*What to produce*
Copy task, pictures excluded: set down exactly the lines from the one containing "兰霍万博app手机版万博体育手机版登录万博足彩app" to the end of the data below.

*Recorded data*
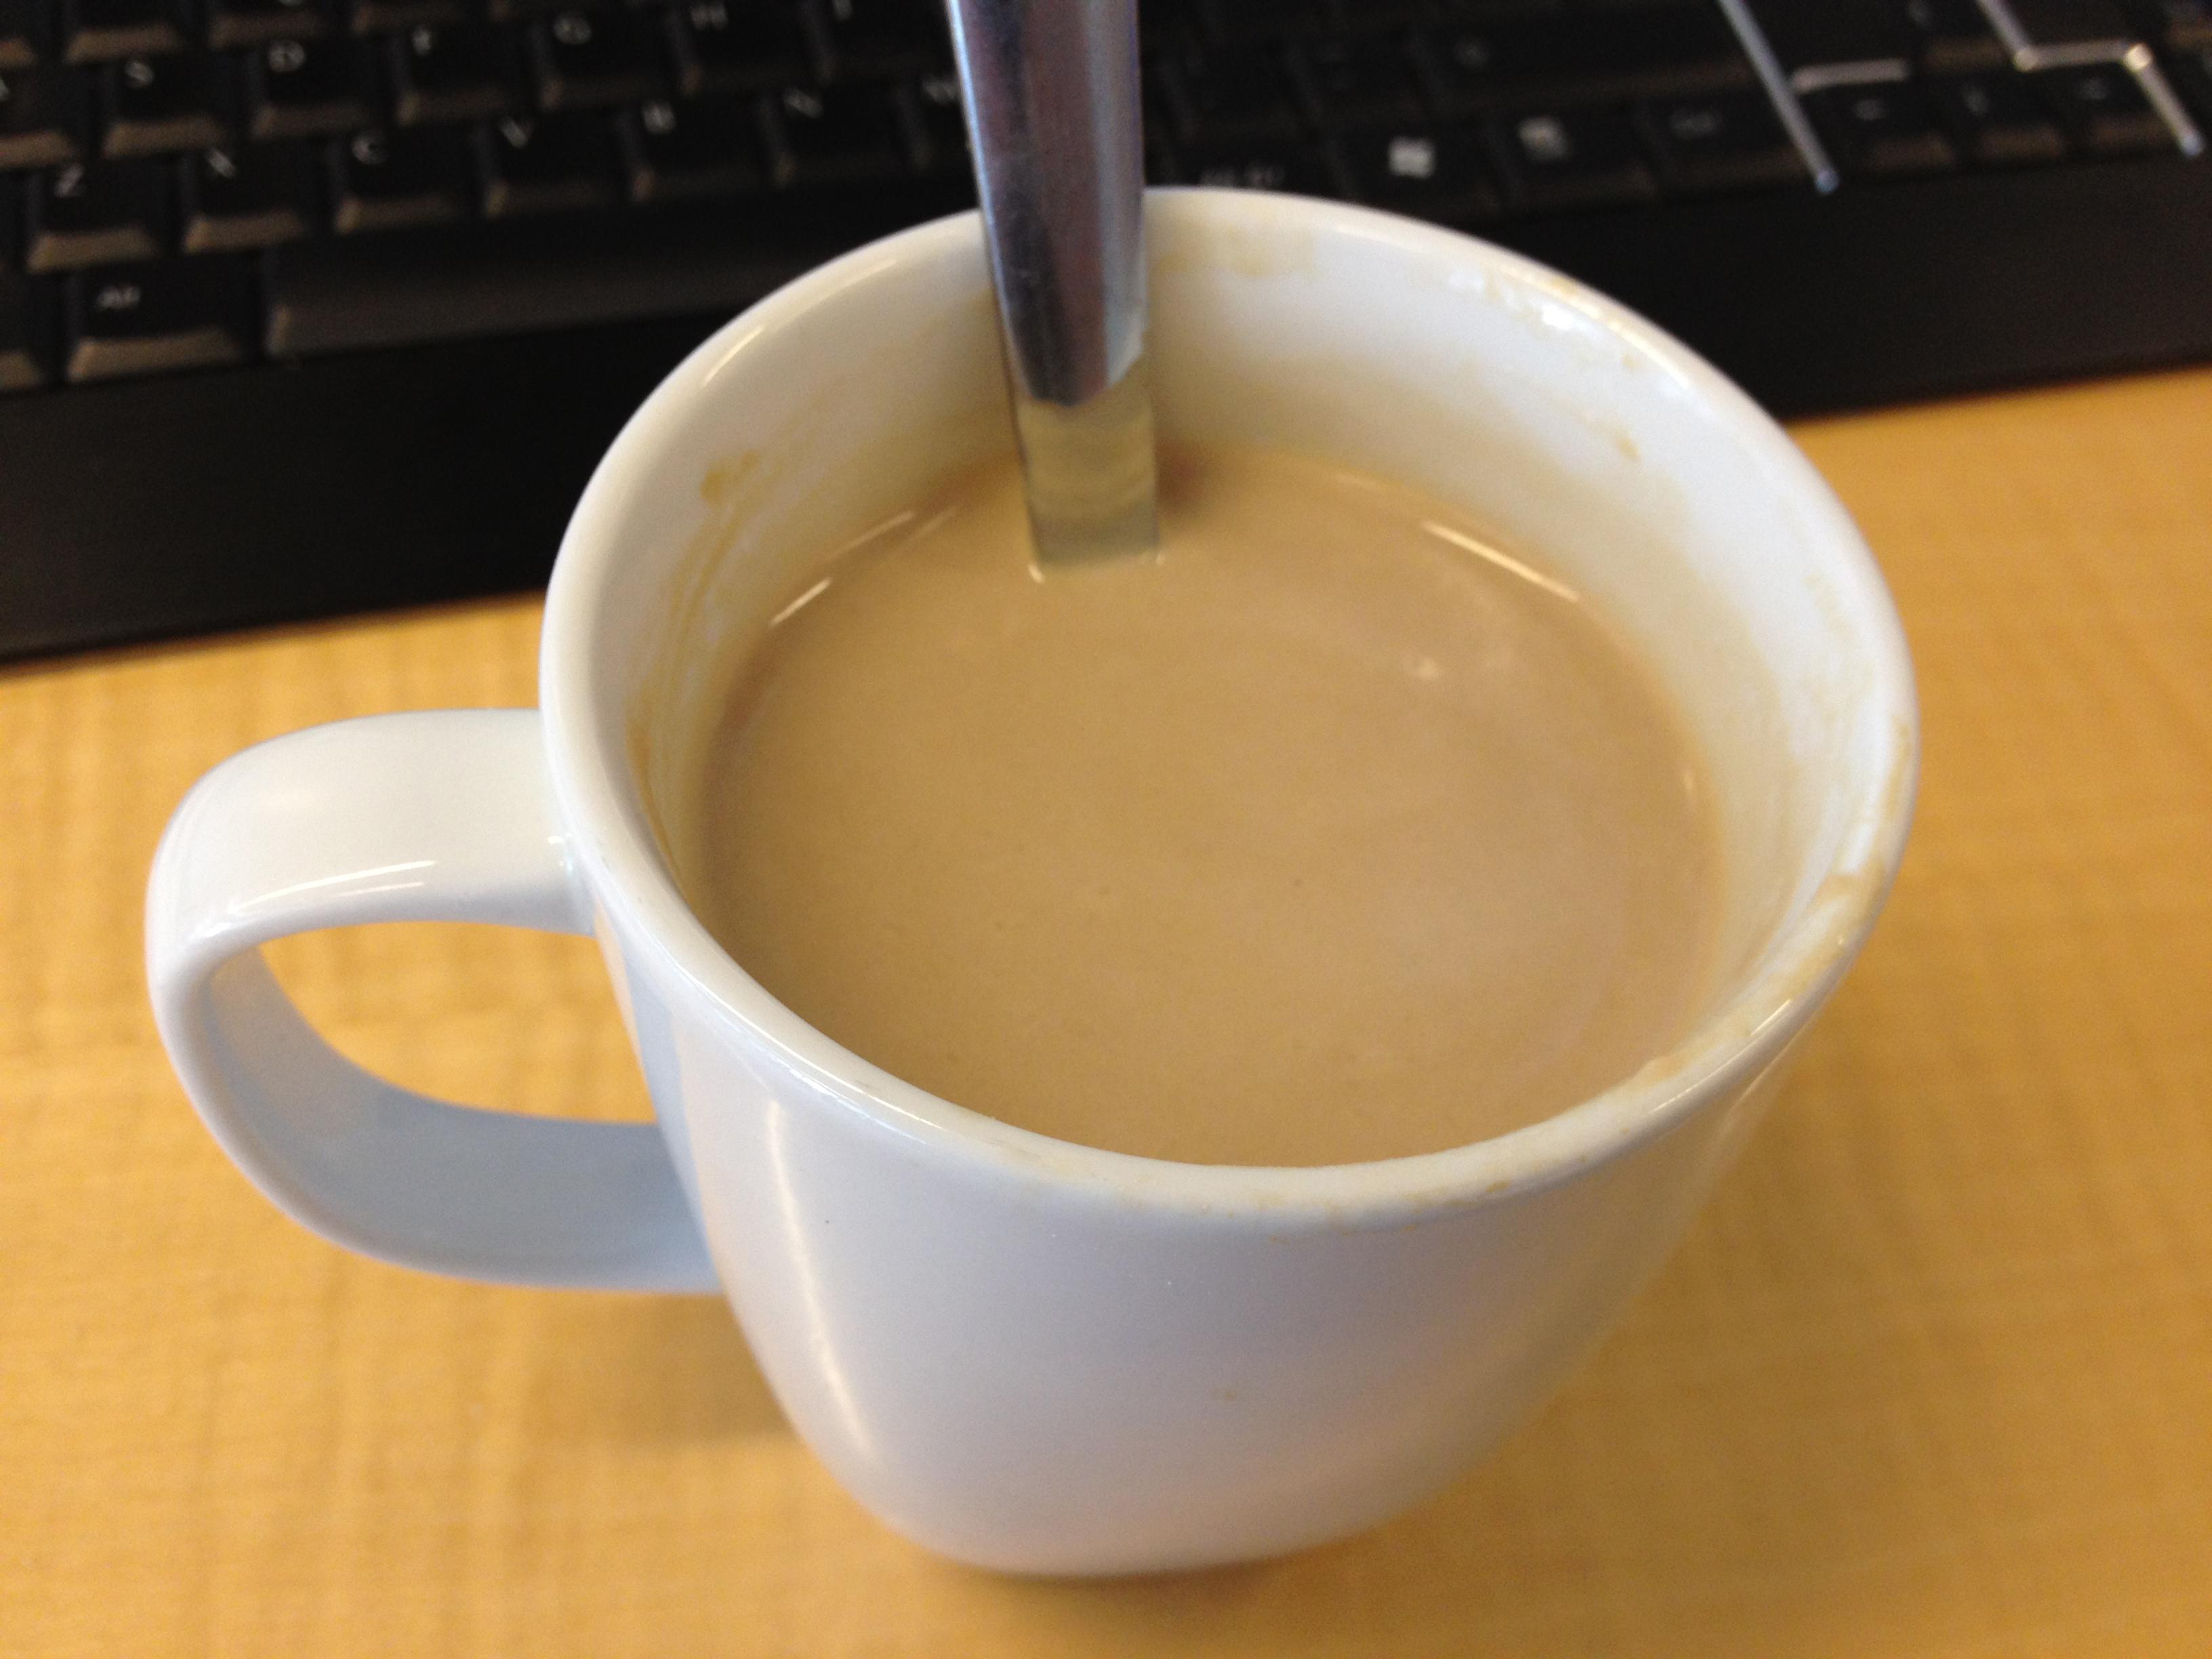 proteinpulver kaffe latte
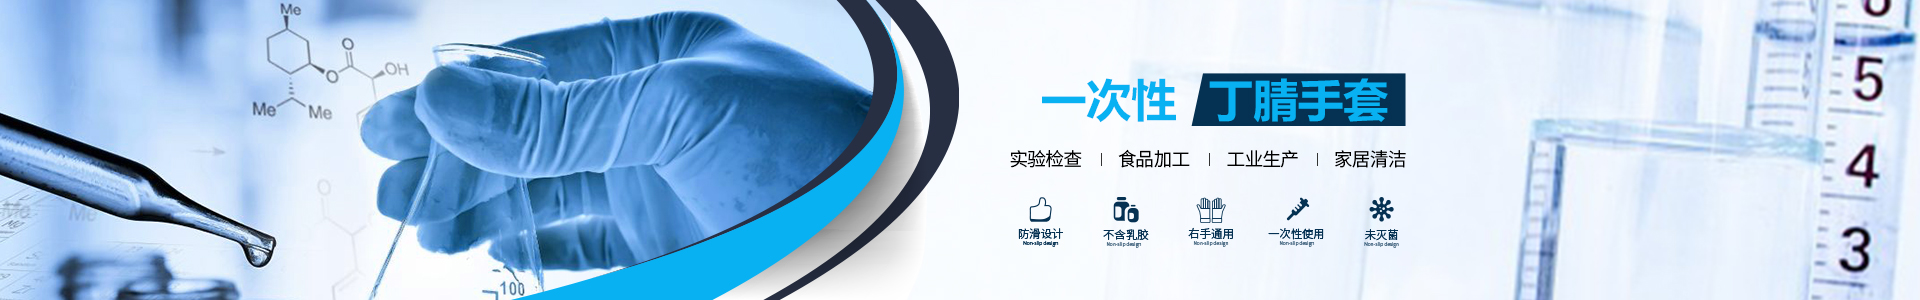 兰霍万博app手机版万博体育手机版登录万博足彩app
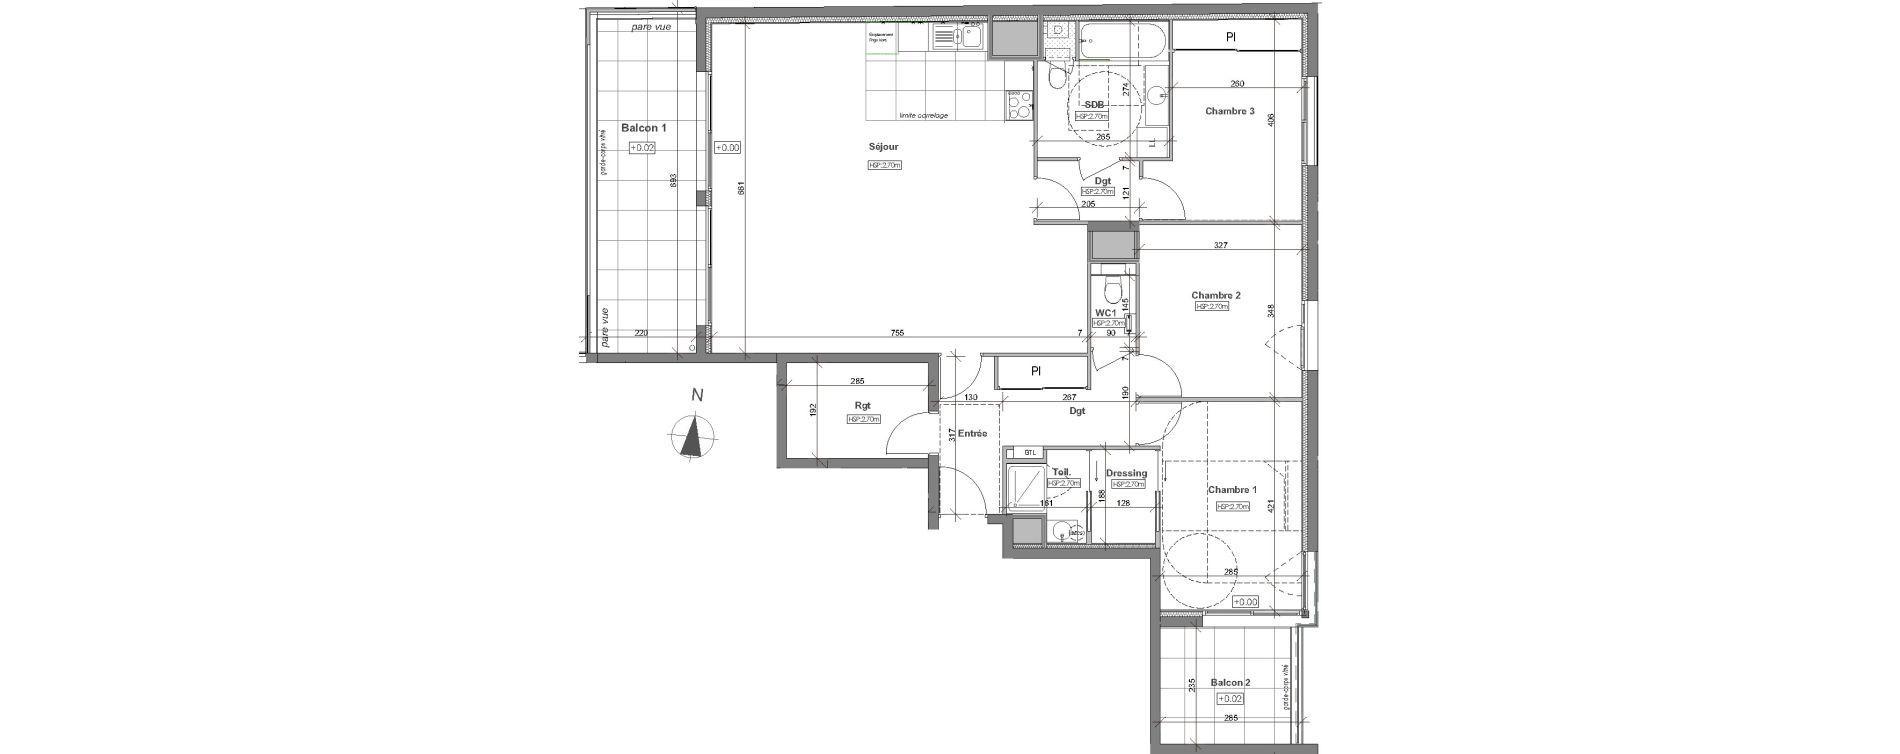 Appartement T4 de 109,52 m2 à Rennes Arsenal - redon
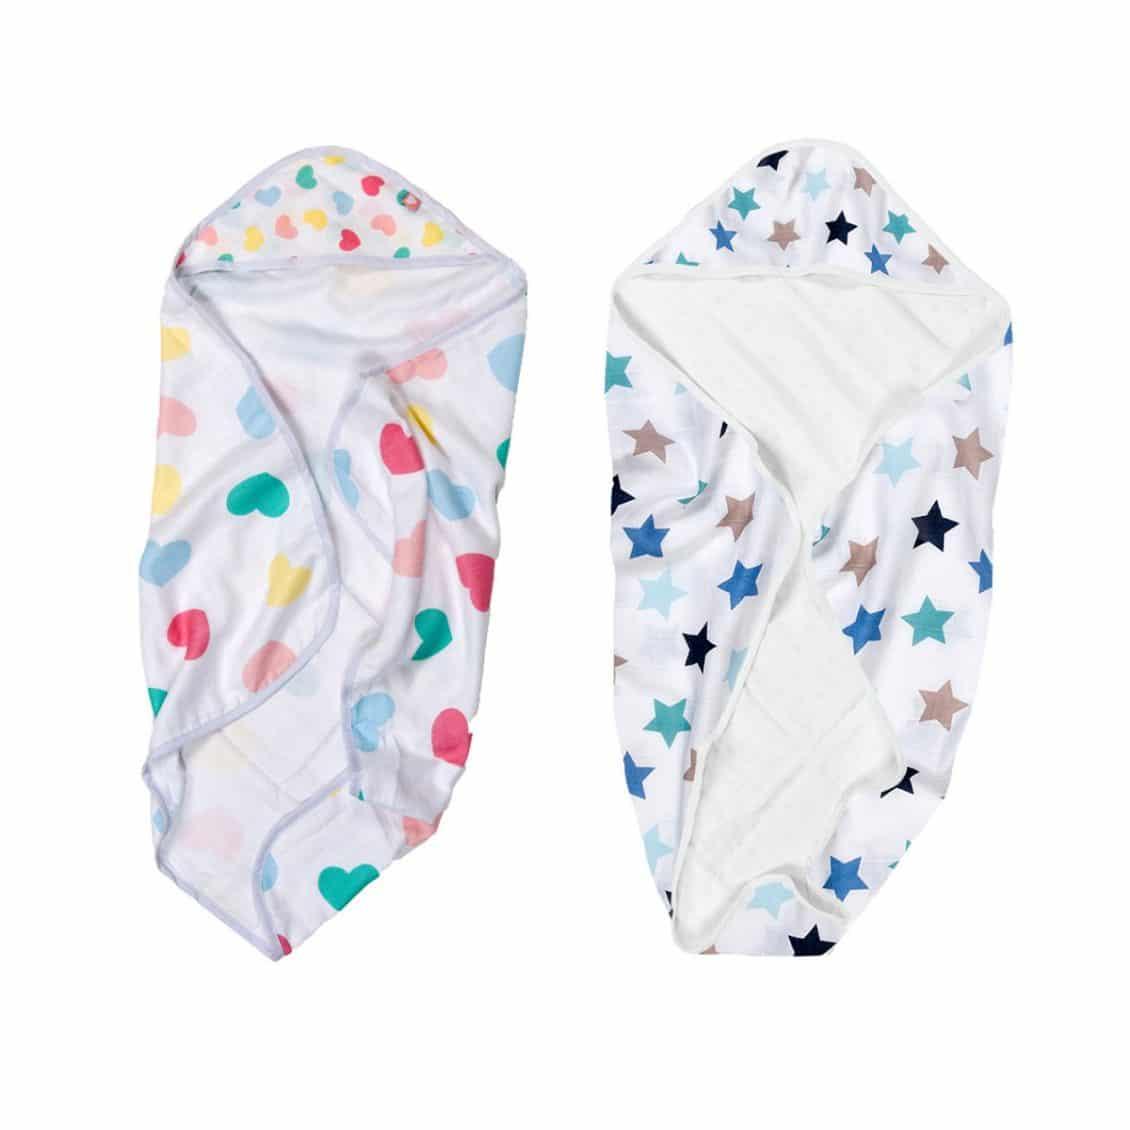 regali battesimo - tovaglia-bagnetto-bambini-cappuccio-cuori-e-stelle

*Your solution*
 兰霍万博app手机版万博体育手机版登录万博足彩app
 Appartement T4 de 109,52 m2 à Rennes Arsenal - redon
 regali battesimo - tovaglia-bagnetto-bambini-cappuccio-cuori-e-stelle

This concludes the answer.